How can sepsis lead to DIC?

Back 47

(1) Endotoxin can activate coagulation cascade
(2) Macrophages produce inflammatory mediators activating coagulation indirectly

Front 48

How can adenocarcinoma cause DIC?

Back 48

Mucin from adenocarcinoma can activate the coagulation cascade, especially if it is metastatic.

Front 49

How can acute promyelocytic leukemia cause DIC?

Back 49

Cells are loaded with primary granules. They coalesce to form Auer rods. When they enter the circulation they can activate coagulation.

Front 50

A rattlesnake bite can cause DIC by ______________.

Back 50

injecting venom (cytohemoneurotoxin) that causes DIC. Seen with rattlesnakes, copperheads (nordamerikansk giftslange) and water moccasin (seen in southeastern US).

Front 51

What are some laboratory findings in DIC?

Back 51

(1) Low PLT
- We are consuming PLTs.
(2) Increased PT/PTT
- Everything is consumed
(3) Decreased fibrinogen
- It's used up
(4) Microangiopathic hemolytic anemia
- Microthrombi will "sheer" RBCs
(5) Elevated fibrin split products (D-dimer)

Front 52

Treatment of DIC involves [...]

Back 52

(1) Addressing the underlying cause
(2) Transfuse blood products
(3) Cryoprecipitate

Front 53

What is fibrinolysis?

Back 53

End-stage of coagulation. It's removal of a thrombus by lysing it.

Front 54

Disorders of fibrinolysis occurs due to _____________.

Back 54

plasmin overactivity resulting in excessive cleavage of fibrinogen

Front 55

What is the action of plasmin after being activated by tissue plasminogen activator?

Back 55

(1) Cleaves fibrin
(2) Cleaves serum fibrinogen
(3) Destroys coagulation factors
(4) Blocks PLT aggregation

Front 56

What molecule inactivates plasmin?

Back 56

alpha2-antiplasmin

Front 57

Provide two scenarios that may cause disorder of fibrinolysis.

Back 57

Radical prostatectomy - In this setting, urokinase is released from the tissue causing activation of plasminogen and the release of plasmin.

Cirrhosis of liver - reduced production of alpha2-antiplasmin

Front 58

Patients with disorders of fibrinolysis present the same way as a patient with ___________.

Back 58

DIC. They present with increased bleeding.

Front 59

What are the laboratory findings in disorders of fibrinolysis?

Back 59

Increased PT/PTT
- Action of plasmin on coagulation factors.

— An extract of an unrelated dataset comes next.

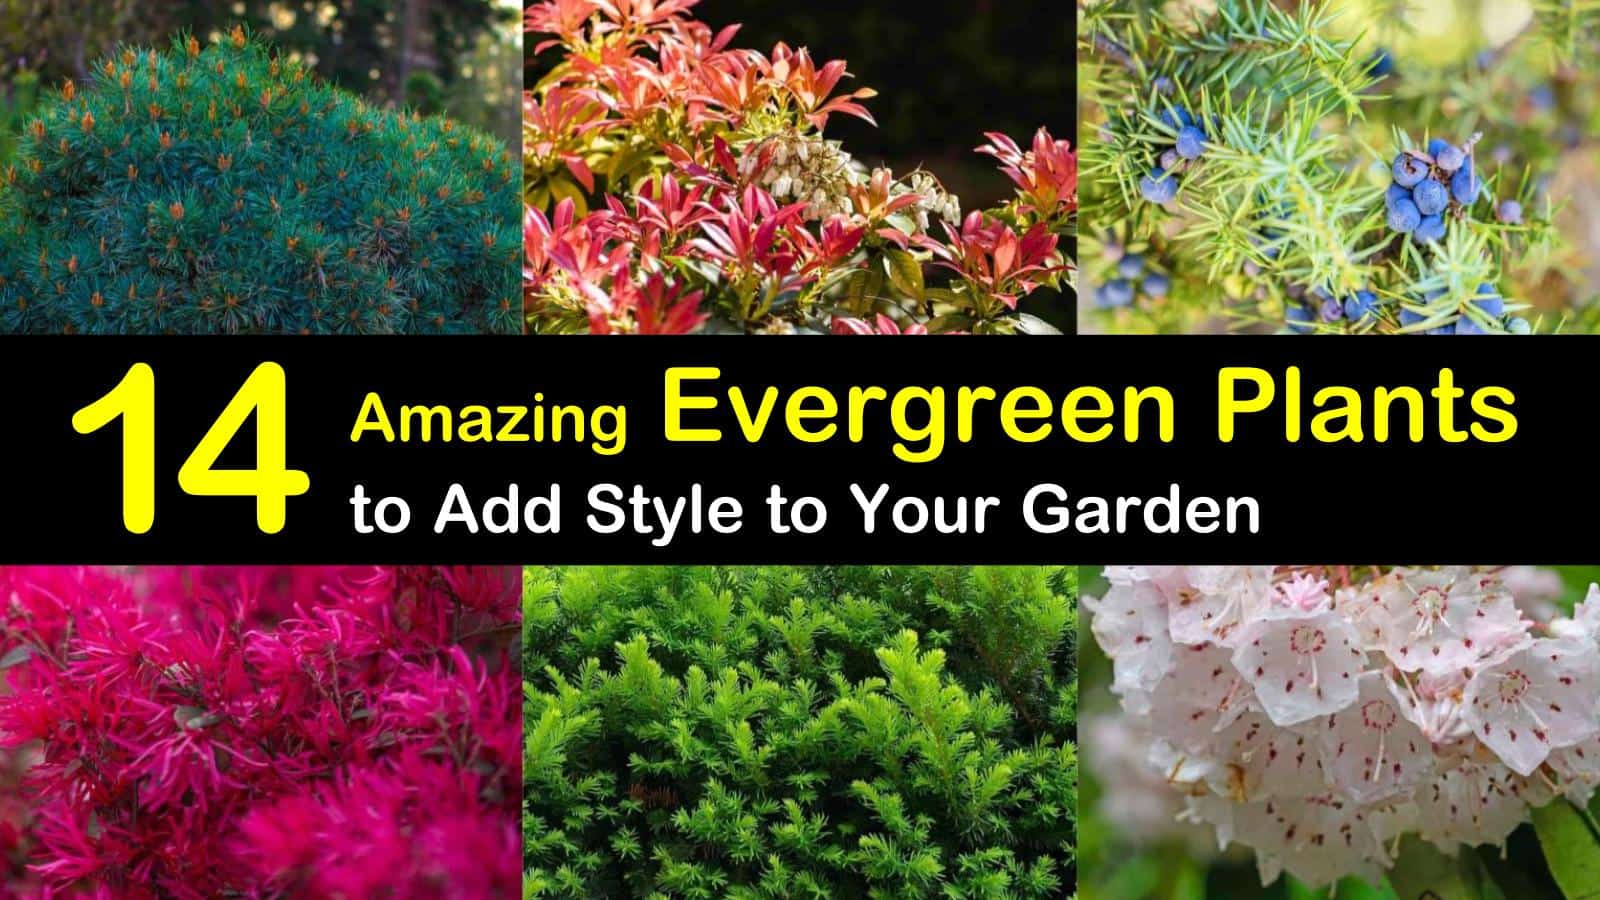 5 Amazing Evergreen Plants to Add Style to Your Garden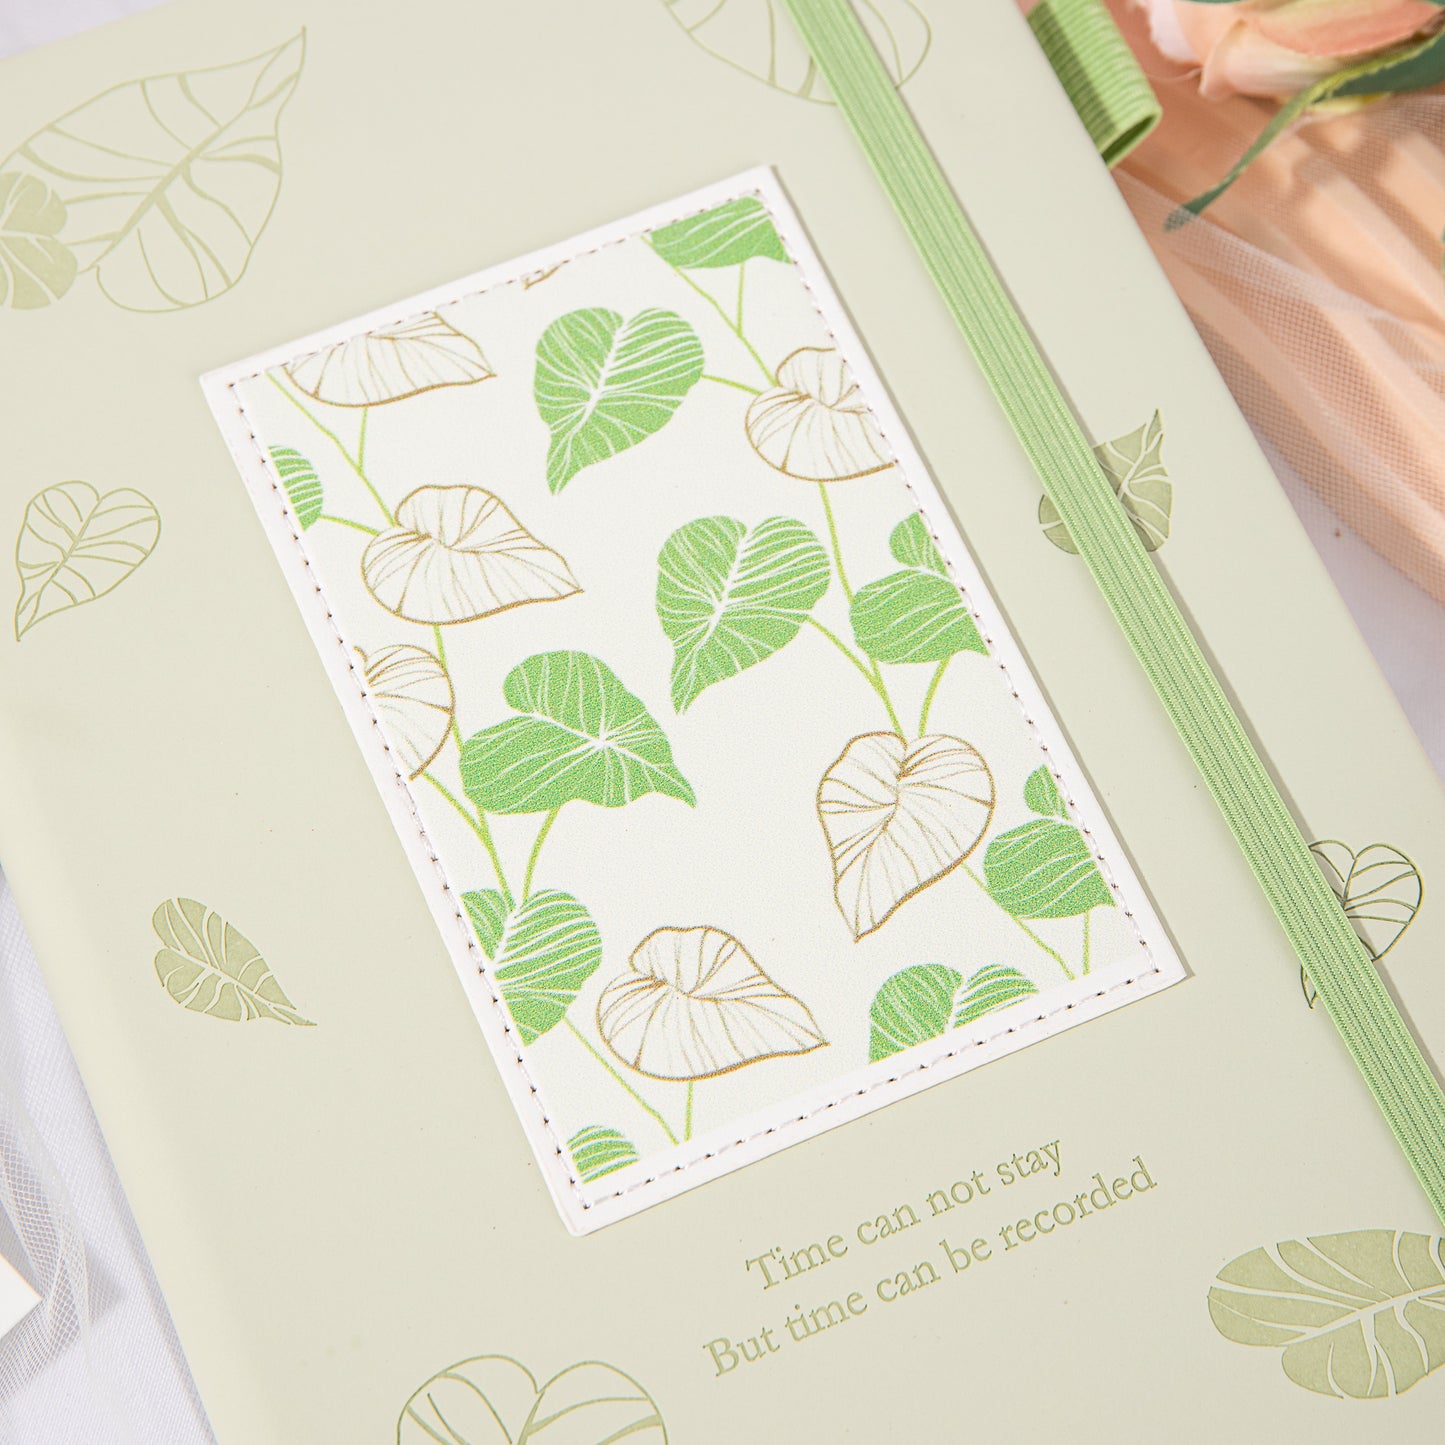 Leather Foliage Notebook - A5 - Ruled - Green

Increased bleeding time (but normal PLT count)
- Plasmin inhibits platelet aggregation

Increased fibrinogen split products without D-dimer.

Front 60

Which one of these situations causes increase in D-dimer:

A. Plasmin cleaves a thrombus
B. Plasmin cleaves fibrinogen

Back 60

A.

Front 61

The treatment of disorders of fibrinolysis is? How does it work?

Back 61

Aminocaproic acid. It blocks the activation of plasminogen.